Culture snapchat

Il fut un temps que je n’ai pas connu, et sûrement vous non plus, où l’on savait simplement ce que les nouvelles de notre ville nous permettaient de savoir, ensuite vint le temps du télégramme, celui de la radio, puis celui de la télévision, celui des prémices d’Internet, et enfin, le notre, celui des réseaux. Mais dans ce monde nouveau où tout le monde se vante de savoir plus et plus loin, comment être sûr que l’on sait vraiment ?

Il est simple pour nous, jeunes bercés au son de la télévision et des notifications, de s’imaginer que l’on est bien informés, puisqu’à longueur de journée défilent sous nos yeux des gros titres, des scandales en gras et des reportages chocs exclusifs ! Mais en réalité, pour la plupart d’entre nous, nous ne choisissons pas notre manière de nous informer. Les articles que nous lisons sont ceux qu’on nous propose : une story Snapchat, un post Instagram ou Twitter, une actualité Google ou Safari. Certains articles comme par exemple ceux du journal Le Monde ou Le Figaro, peuvent paraître très sérieux.

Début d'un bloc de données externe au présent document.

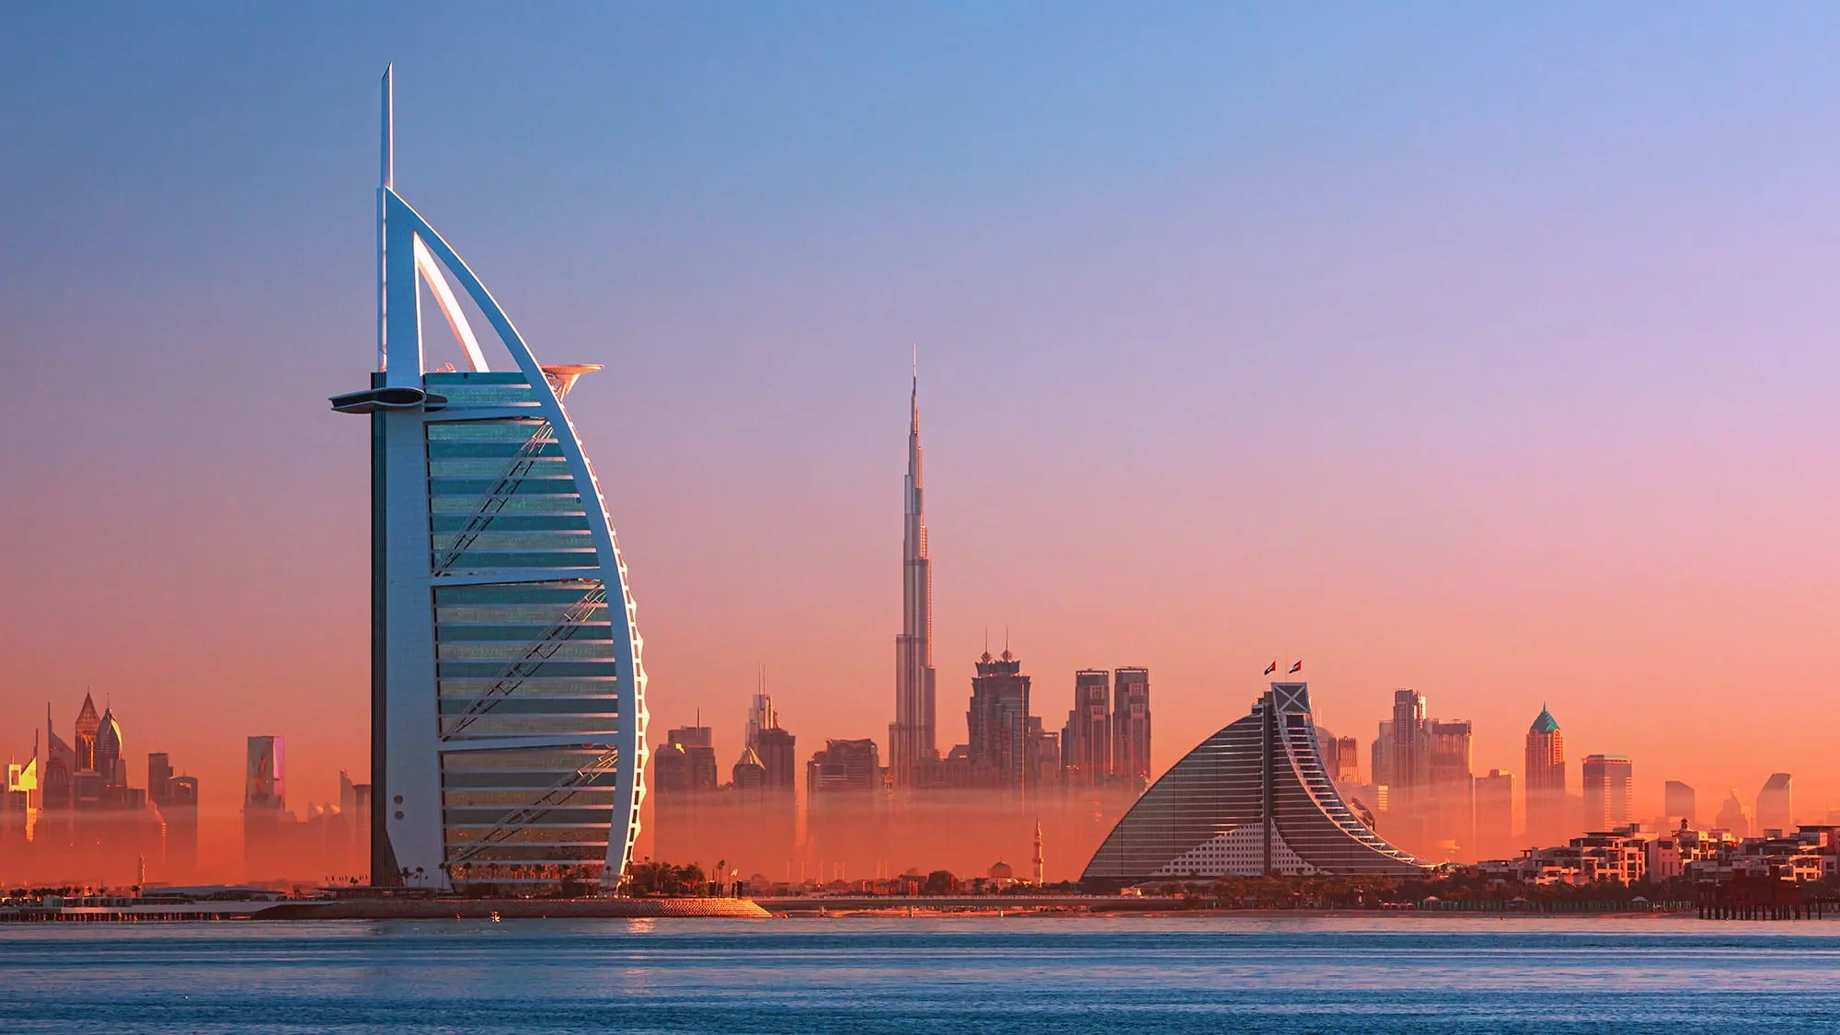 The Dubai skyline

Seulement ce ne sont pas que les actualités dont il est question ne sont pas vraies, simplement que le peu d’informations qui y sont données sont noyées dans l’actualité people et les tutoriels satisfaisants ou autres bizarreries de notre génération.

Quand ce genre d’actualité devient notre seule source de savoir, alors on ne choisit plus rien. Puisque nous lisons tous les mêmes articles flash, nous ne pouvons pas comparer un journal à un autre, le point de vue apporté aux articles est toujours le même et nous le partageons tous, nous ne sommes plus libres de lire un journal pour sa position vis à vis de l’actualité, et nous ne nous en rendons même plus compte.

Il est normal pour un jeune de ne pas avoir un avis très dessiné sur les choses qui l’entourent, et de suivre alors l’opinion de ses modèles (ses parents la plupart du temps). Mais en vieillissant, cet avis devrait s’affermir et non pas stagner à une sorte de pacifisme qu’on pourrait plus communément appeler ignorance.

C’est une étape indispensable (la plupart du temps je crois) pour les adolescents de passer par l’affirmation contre les modèles et de chercher à vraiment comprendre tout ce qui les entoure.

Or, quand dans cette période d’affirmation l’adolescent n’a pour seules informations que celles de BFMTV et twitter, il ne peut pas découvrir la diversité du journalisme, confronter différents points de vue et décider de son opinion sur divers sujets.

Mais, me direz-vous, comment remédier à ce séisme de désinformation ? Arrêter de s’informer via les réseaux ? Mais non, mais non mon petit !

Le fait qu’avoir des sources trop peu fiables ou pas assez développées ne veut pas dire que tout ce qui est abordé sur les réseaux est négatif, et ne signifie pas non plus la nécessité de brûler tous les services Google !

En réalité, il y a plein de journaux qui se sont étendus sur les réseaux (je pense à Arte parce que ce sont mes préférés mais ils ne sont pas seuls!) ! Il faut simplement compléter ce que l’on apprend, multiplier les sources d’information et construire son opinion !

Je ne sais pas si le monde serait vraiment parfait quand on en arrivera là, mais savoir ce que l’on pense pourrait éviter quelques quiproquos politiques, comme quand le monde entier se met à haïr (…) .

Bien sûr cet article ne concerne pas tous les jeunes, loin de là. Il ne blâme en aucun cas ceux qui s’informent ainsi, mais vise plutôt à les encourager à se rebeller ! Et à brûler leurs téléphones devant un magasin Apple en hurlant CONSOMMATION !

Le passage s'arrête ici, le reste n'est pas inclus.